Along those lines of familiarity, the entire Islands album is comprised of tunes fans probably already know. Re-recording select songs from his eight previous albums, Islands is Rutledge doing so in the manner they were initially conceived, most often with just he and his guitar.
As with most singer/songwriters that draw on their own emotions and life experiences when crafting their music, albums tend to be snapshots in time. Time capsules of where they are and what they are going through at that particular point in their life. Not unlike everyone else, artists evolve as people. While the change may not be much from day to day, when we look back, or in Rutledge’s case listen to the songs, it’s easier to see the transformations. To revisit these songs now, long after those episodes in his life have passed, he explains Islands as “…a stroll down memory lane, for better or worse, shaking hands with the people I used to be.”
Alas, the one constant through it all, has been “Jellybean.” Ironically, that’s also the very reason he’s been hesitant to record the song until now. Being such a ‘live’ song and an event unto itself, it’s practically his unofficial anthem. How do you truly capture the soul of a song like that when every night’s rendition is as unique as the crowd that’s singing it?
“I recorded it at the end of February 2020 and I recorded the guitars with the intention of getting fifteen to twenty of my friends in to sing the group vocal in a few weeks. Then Covid hit and a group vocal wasn’t an option anymore anytime soon!”

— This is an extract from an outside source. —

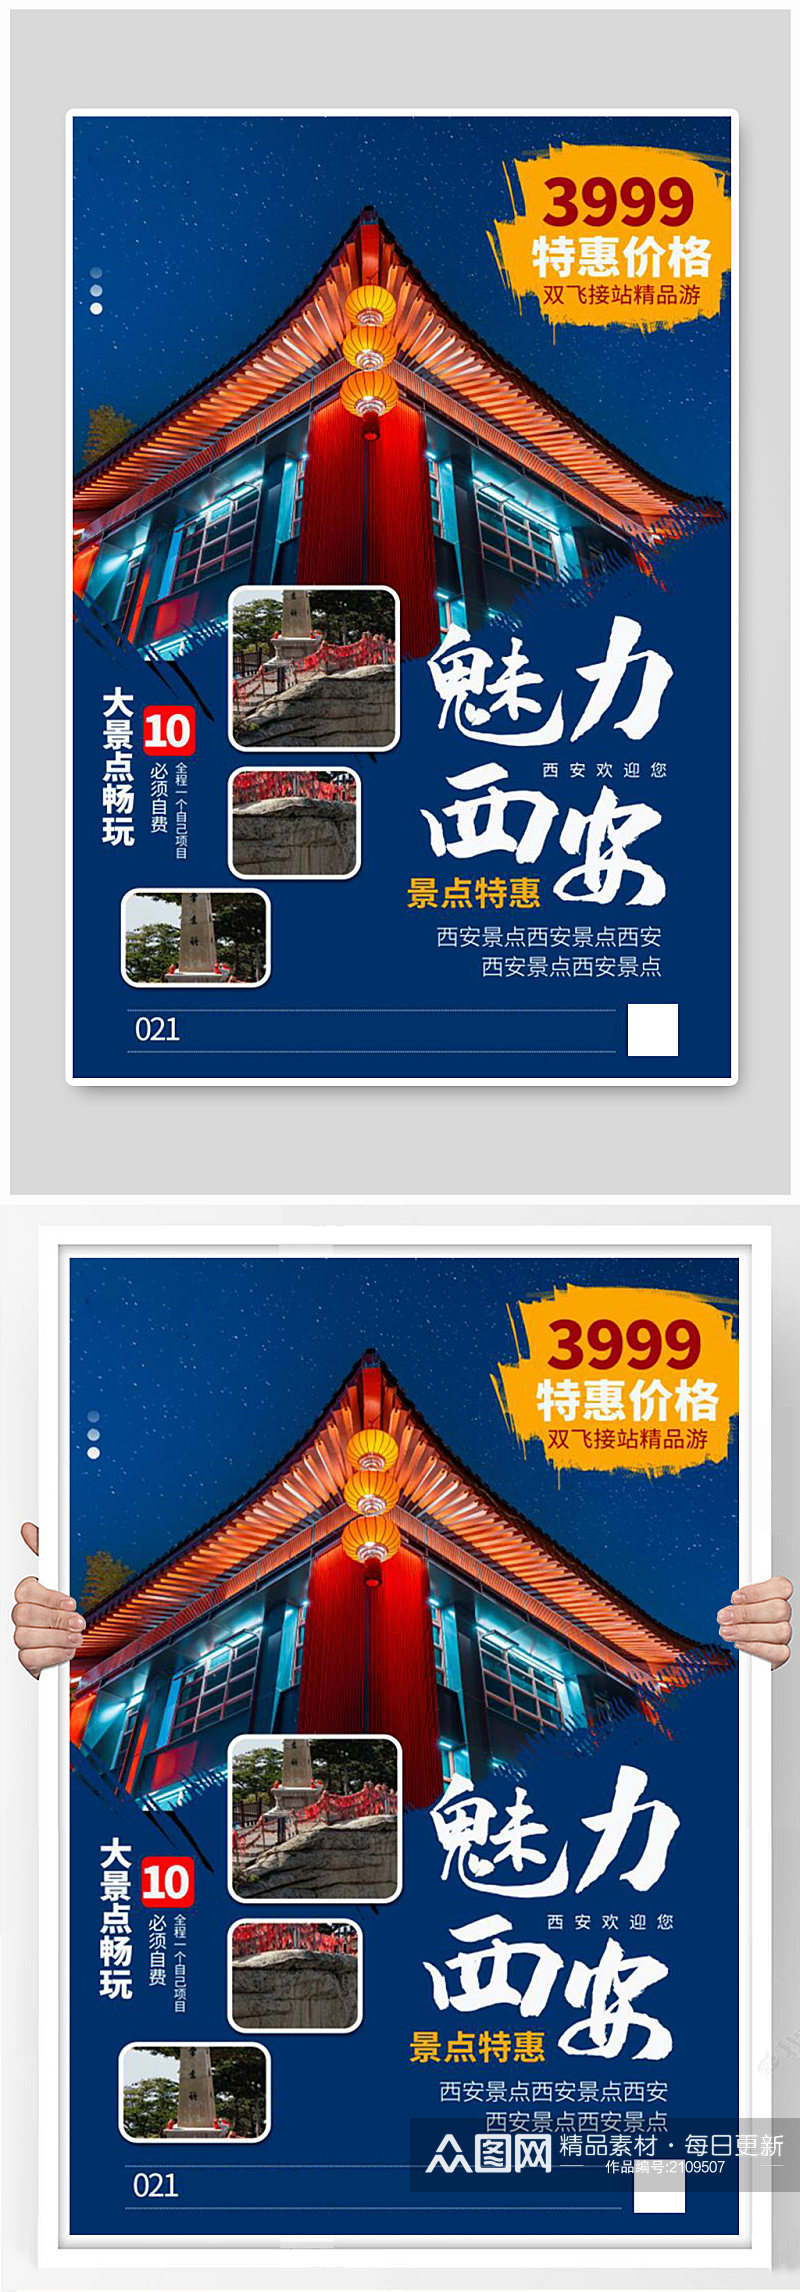 西安旅游促销海报素材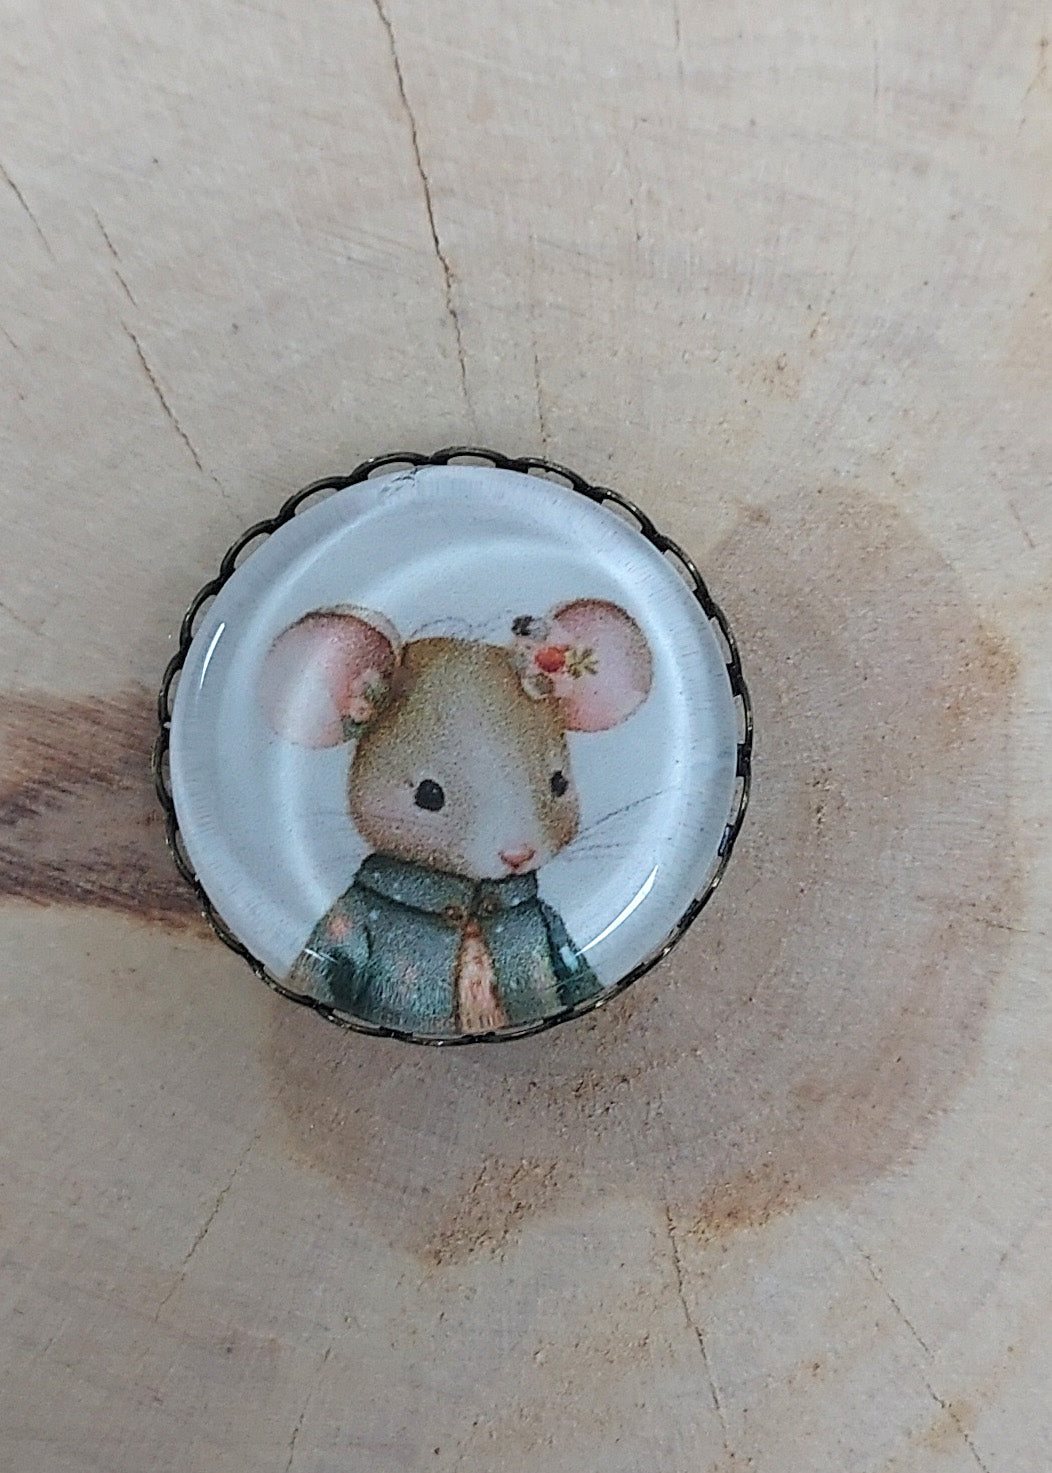 Embroiderer's magnet (or Magnet) Baby Colette

That left Rutledge with two options; scrap the idea entirely or lean on technology. Opting to go the technology route, he figured out a way to digitally assemble the organic ambiance he was so desperately trying to capture.
“I fired off sessions of the tune to friends who had recording setups at home and asked if they would lend their voices. Everyone knew it was for a group vocal, so they planned accordingly. I asked them only to do one or two takes each, with no editing, because I wanted to maintain the bar room/concert feel, and I think we accomplished that. It sounds like a bunch of friends singing in a room together.”
In the end, Rutledge accomplished exactly what he set out to do. With no true lead vocal out front, “Jellybean” is the big, swaying, sing-out-loud, lovefest his fans have known for all these years.
“I really enjoy NOT hearing my own voice in this song. I love hearing the voices of my friends, of other voices singing in unison or harmony.
“My hope is that listening to “Jellybean” will bring the listener back to a time when we could all sing a song together – at a club, theatre, or bar – arm in arm. I feel as though I’m forgetting what that was like. I’m sure we all can’t wait to do that again.”